Objective: I would like to show (I'm not sure it's true) that it is not possible to have, simultaneously: \begin{align} \mathbb{E}(D(X_1)) &= \mathbb{E}(D(X_2)), \\ \mathbb{E}(Y_1 D) &= \mathbb{E}(Y_2 D), \\ \mathbb{E}(Z_1 (1-D)) &= \mathbb{E}(Z_2 (1-D)). \end{align}
So far, I have been unable to prove it because, with a general $D$, I don't have a strictly increasing function anymore and I lose the properties of the FOSD in a sense.
However, simply satisfying jointly: $\mathbb{E}(D(X_1)) = \mathbb{E}(D(X_2))$ and $\mathbb{E}(Y_1 D) = \mathbb{E}(Y_2 D)$ is quite difficult. The only example I found satisfying this requires $\mathbf{f_{X_1|D=1}(x) = f_{X_2|D=1}(x)}$ for all $x$.
If this is truly the only possibility, my proof becomes trivial. Indeed, in this case,
$\mathbb{E}(Z_1 D) = \mathbb{E}(Z_2 D)$ as well. Moreover, $\mathbb{E}(Z_j) = \mathbb{E}(Z_j D) + \mathbb{E}(Z_j (1-D))$, so, it is not possible that $\mathbb{E}(Z_1 D) = \mathbb{E}(Z_2 D)$ and $\mathbb{E}(Z_1(1-D)) = \mathbb{E}(Z_2(1-D))$, because, by FOSD, we need that $\mathbb{E}(Z_1) < \mathbb{E}(Z_2)$.
However, I have been unable to prove that simply satisfying $\mathbb{E}(D(X_1)) = \mathbb{E}(D(X_2))$ and $\mathbb{E}(Y_1 D) = \mathbb{E}(Y_2 D)$ requires $\mathbf{f_{X_1|D=1}(x) = f_{X_2|D=1}(x)}$ for all $x$. Maybe it is not true. But then, do you have a counterexample where it holds without the conditional densities equality at every $x$? Or a general example for which the 3 conditions can hold together? I am stuck: unable to prove it's not true but unable to build any counterexample yet... My intuition was that, if the weights ($Pr(D=1)$) are going to give a zero, then the other variable weighted by $1-$these weights cannot be simultaneously zero, because BOTH transformations are strictly increasing. But it's much more complicated than I thought.
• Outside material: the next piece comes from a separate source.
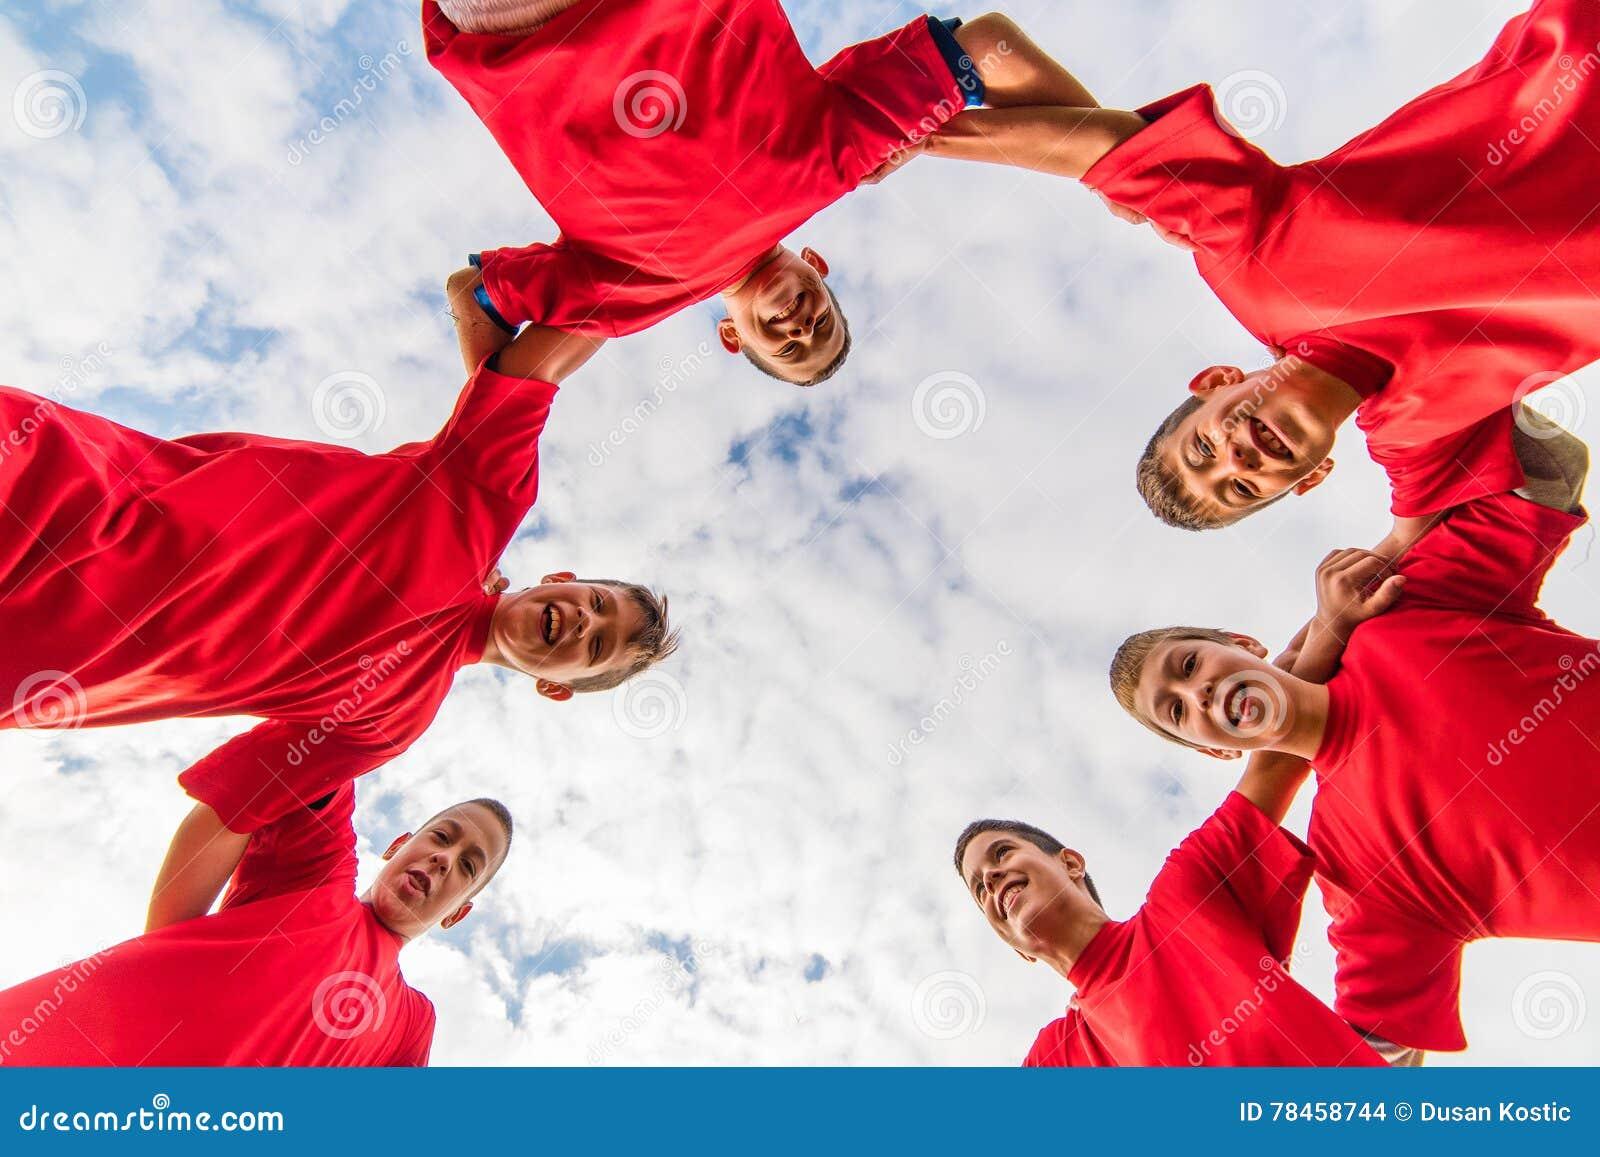 fe975d40651 Kids soccer team in huddle stock photo. Image of boys - 78458744

EDIT: I guess a subquestion would be to know, in the problem above, is it possible that:
\begin{align}
\mathbb{E}(D(X_2)) - \mathbb{E}(D(X_1)) &= \int^1_0 \textrm{Pr}(D=1 | X=x) ( f_{X_2}(x) - f_{X_1}(x) ) dx \\
\mathbb{E}(Y_2 D) - \mathbb{E}(Y_1 D) &= \int_{Y} y \ \textrm{Pr}(D=1 | Y=y) ( f_{Y_2}(y) - f_{Y_1}(y) ) dy \\
&= \int^1_0 \phi(x) \frac{d\phi^{-1}(y(x))}{dx} \textrm{Pr}(D=1 | X=x) ( f_{X_2}(x) - f_{X_1}(x) ) dx,
\end{align}
without imposing $\textrm{Pr}(D=1 | X=x) ( f_{X_2}(x) - f_{X_1}(x)) = 0$ for all $x$?
Answer: this is indeed possible.
However, in the example I have, then it becomes impossible that $\mathbb{E}(Z_2 (1-D)) - \mathbb{E}(Z_1 (1-D)) = 0$ too.